Cuando al fin llego al sitio de salud pública pienso en lo que hay que aguantar: dos filas tan largas como la muralla china (estimaba dos, pero fueron cuatro) y tres horas o más esperando a que aquella persona que se vuelve diosa al iluminarme con pronunciar mi nombre se haga presente. Me siento en una silla coja a esperar. Nada. Me llama la Noemí y por poco me emputezco porque no noté mayormente que se diera cuenta que me saqué las re-crestas haciendo el trabajo y más encima me pregunta con cierto dejo de alegato. "Me obligaron a venir al puto dentista" y que sí, que el trabajo lo tengo y que porfa hable con la profe, que lo llevaré más tarde. Y entonces pienso en el Eric, pienso en si habrá tenido el coraje para encarar a alguna amiga a falta de poder hablarme a mí, cosas así que no le reprocho porque yo tampoco doy el ejemplo y la idea de emputecerme se va alejando ante esta sutil invitación al sentimiento y a toda esa pantanosa parte de mí...por poco entro por esa puerta acorazonada hasta que me pego el palo. "Puta que soy débil", y llega, tarde pero llega, la sensación de acorralamiento que es más sana que la sensación de abnegación, de la búsqueda del altruismo que me tiene el corazón hecho una mierda. Y pienso "si no es un pololo que me tenga la voluntad para el hueveo suyo, son las amistades o la calentura" porque cuando una piensa se manda a guardar toda clase de eufemismos, como decir "la lujuria" o huevadas. Todas estas cosas y vuelvo a sentirme en el cubito Copperfiliano, todo eso y el "deber" y el "no cambies nunca", el susto del pópulo si la soma llega a actuar distinto y la posterior condena capital por actuar así se convierte en el agua que me asfixia en mi opresión y cuando estoy en plena sesión sicológica-auto-flagelante me suena el celular de nuevo: mi mamá. "Te venih altiro pa’ la casa, acuérdate que tenih que reposar". Chucha, ahí recién me ascurro que sangro caleta cuando me sacan las muelas y que mí interacción hablada después del trámite cirujano se va a limitar a balbuceos jugosamente carmines. Me importa una hue’a, si alguien me quiere escuchar me va a escuchar aún cuando se me salga por la boca todo lo que tengo dentro, aún cuando vea que esa persona esté vomitando del asco, me da lo mismo. Seré floja, seré charcha, seré fea, pero irresponsable...ni tanto.

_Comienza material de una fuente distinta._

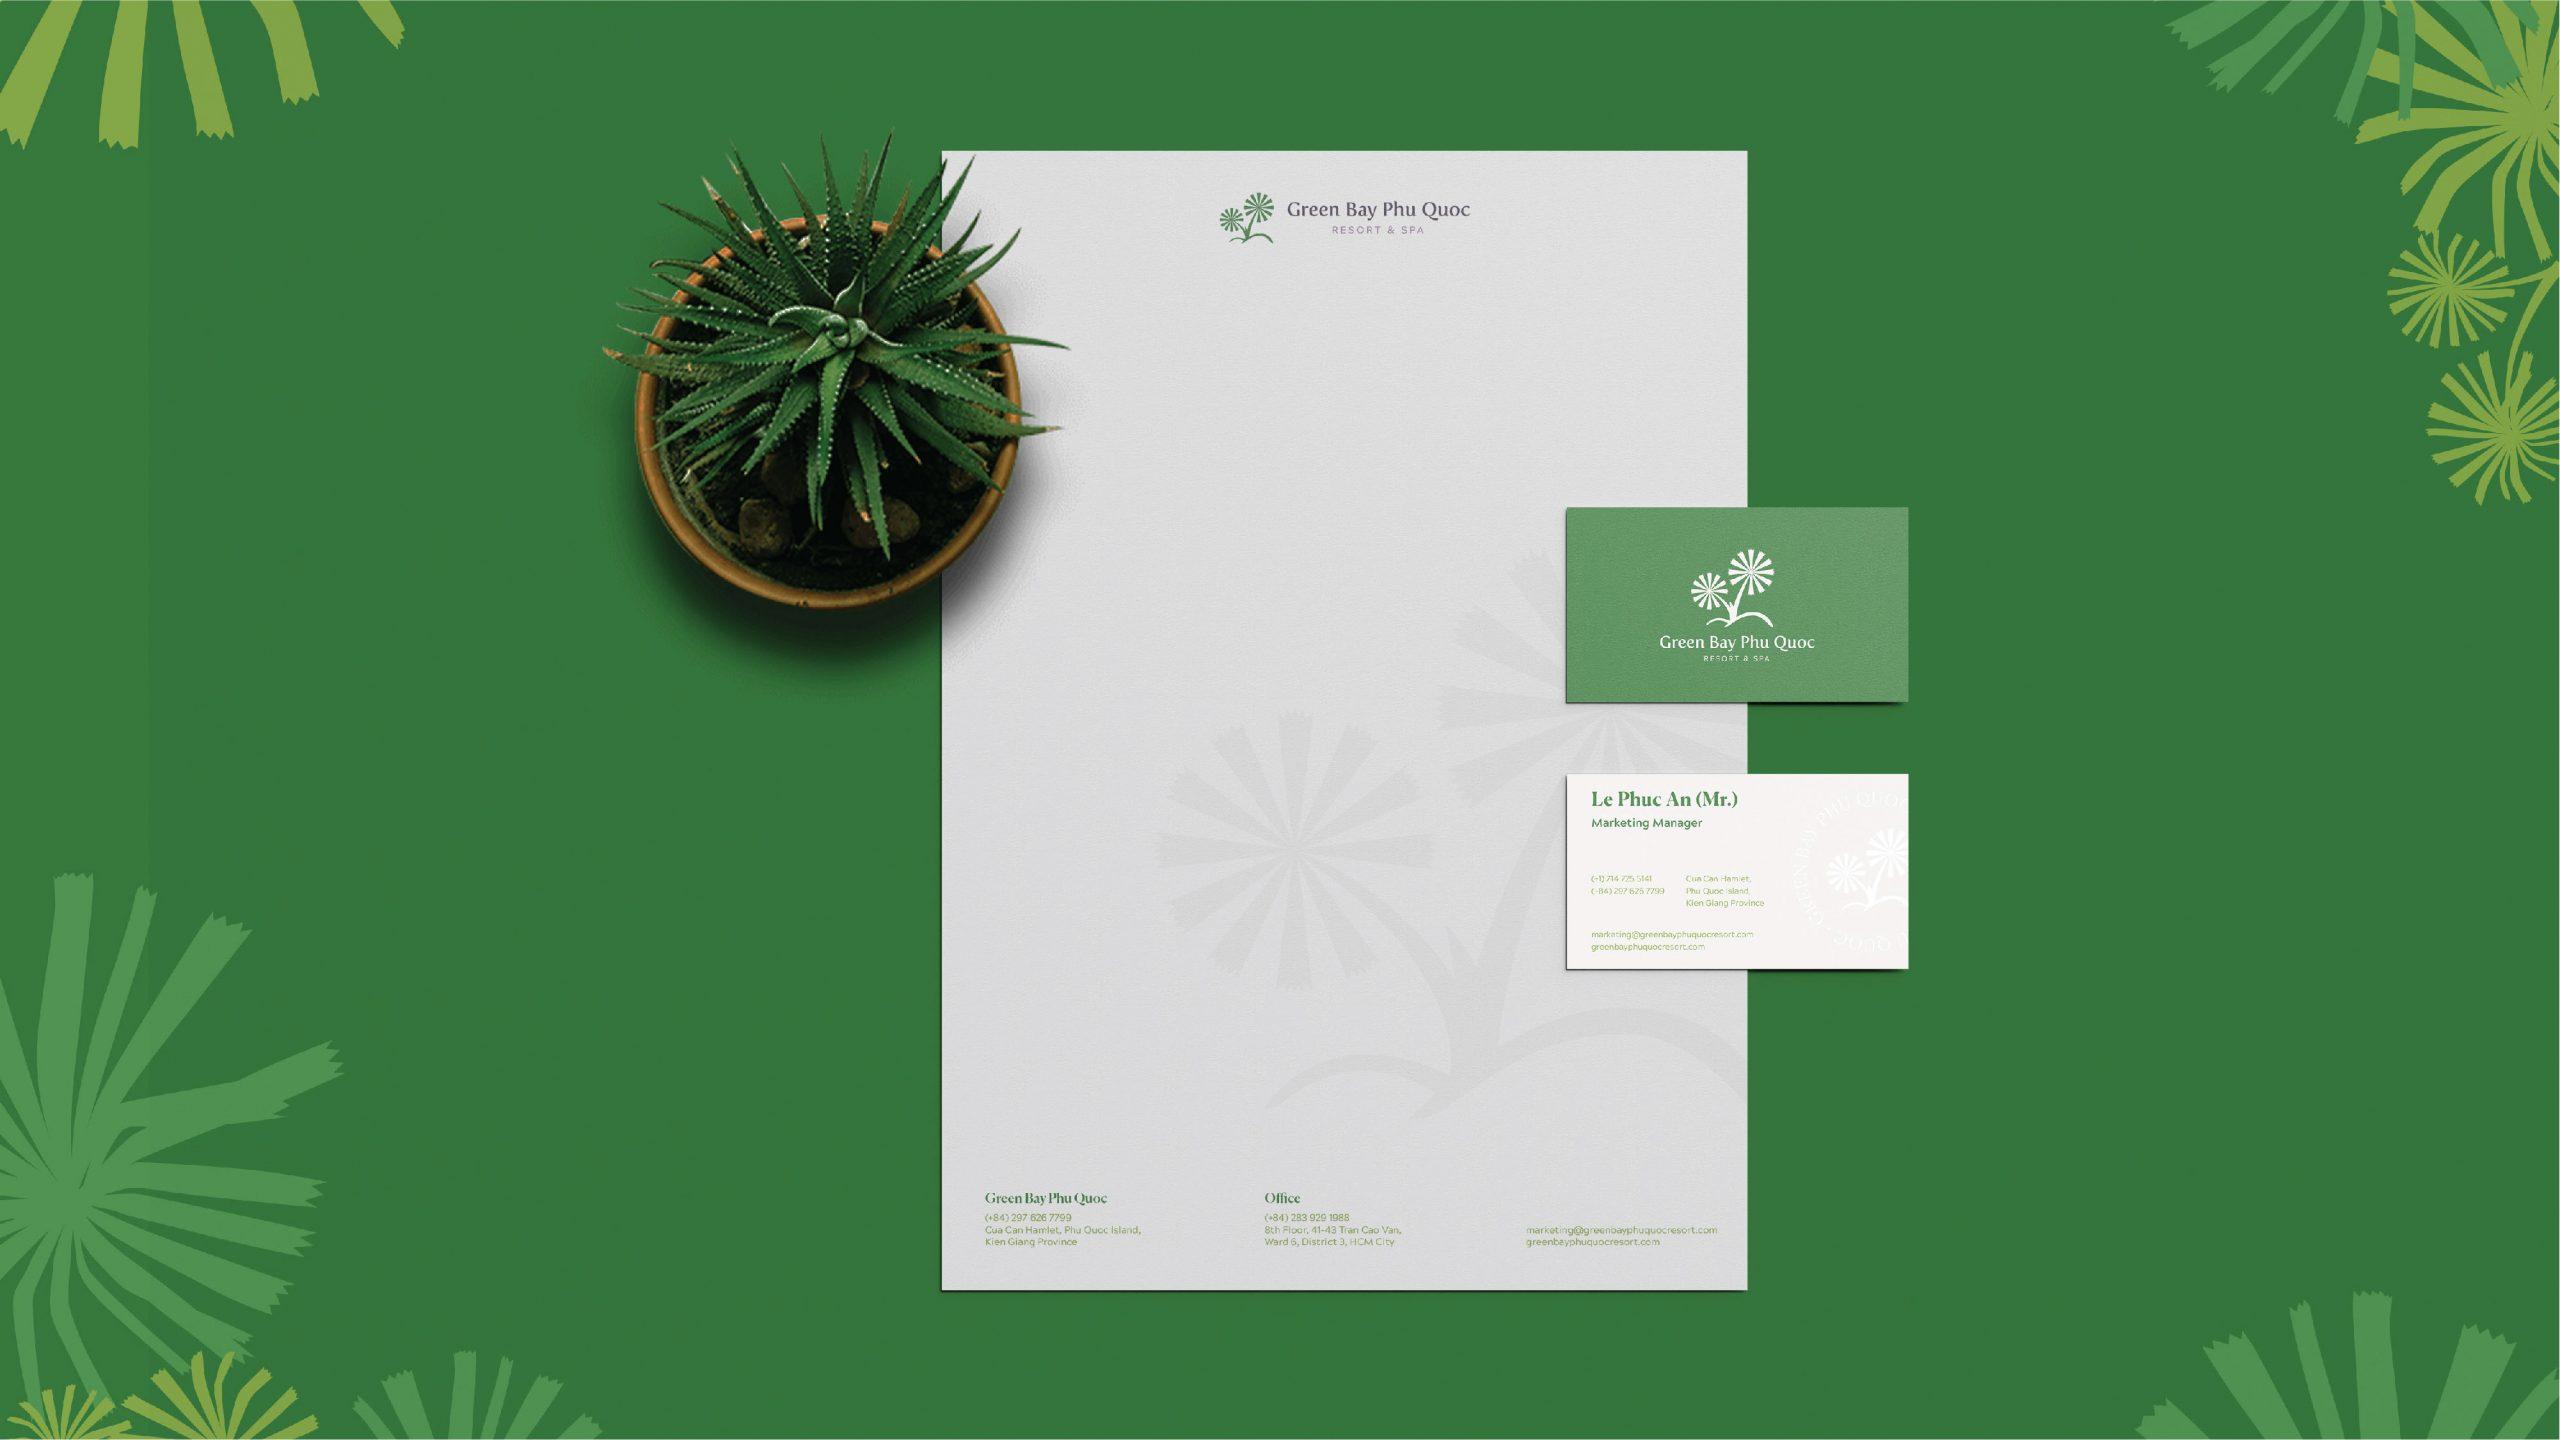 Greenbay-02

"Génesis Reyes", escucho. "Gé-nesis Re-yes", dice cantadito la enfermera y una vez más la sensación de que ese nombre me suena incómodamente conocido. Me levanto y digo "aquí" mientras me voy sacando los pircin. Pase. Deje su mochila aquí y siéntese en allá. Ahí exploto en romanticismo al quedarme parada escuchando la voz del doctor, esa voz tan profe, esa voz que me recuerda el reciente portazo en la cara que me dieron verbalmente las letras que más pertenecen a esa voz...de paso también recuerdo anteriores portazos y me percato que la voz del doctor me duele, me causa un dolor hipotérmico en mis fibras sensibles y quiero que se calle, que no me diga más lo que tengo que hacer, me doy cuenta de que esa voz parecida a la que se me escurría por entre los pasillos del instituto, esa voz que buscaba en mi y he encontrado en las cuerdas vocales de un doctor me recuerda a mi desconsuelo mediocre, ese desconsuelo que me hacía buscar ese sonido en particular en el silencio escolar y sentir que el corazón se me volvía una piraña maligna y me mordía el pecho por dentro, esa sensación de tristeza cálida de la que me desprendía después de un rato para volver a ser la de siempre. Que esa voz es una molestia dolorosa, que se calle, por la cresta, que no me pregunte si estoy bien. Que no me pregunte esas cosas porque es más fuerte la analogía entre las voces cuando pienso que a ninguna de las dos les voy a poder responder lo que quiero. Que se calle, que me deje tranquila. La vez anterior fue un miedo vertiginoso y placentero, ahora era simplemente el cabreo de tener al profe en todas partes una vez más, las ganas de personificar completamente a mi utopía en el doctor y propinarle un escupo colorido con mi sangre y dejar escapar un poco los sentimientos tergiversados y retorcidos que tengo. Pero no, me abstengo. "El mismo procedimiento de antes, ¿te acuerdas?", me dice amablemente, "mh", digo afirmativa y me voy del hospital, despreciando el día, dándome cuenta como siempre que todos mis días se convierten en trampas mortales para mi corazón y pensando en que iba a conmemorarlo en mi blog.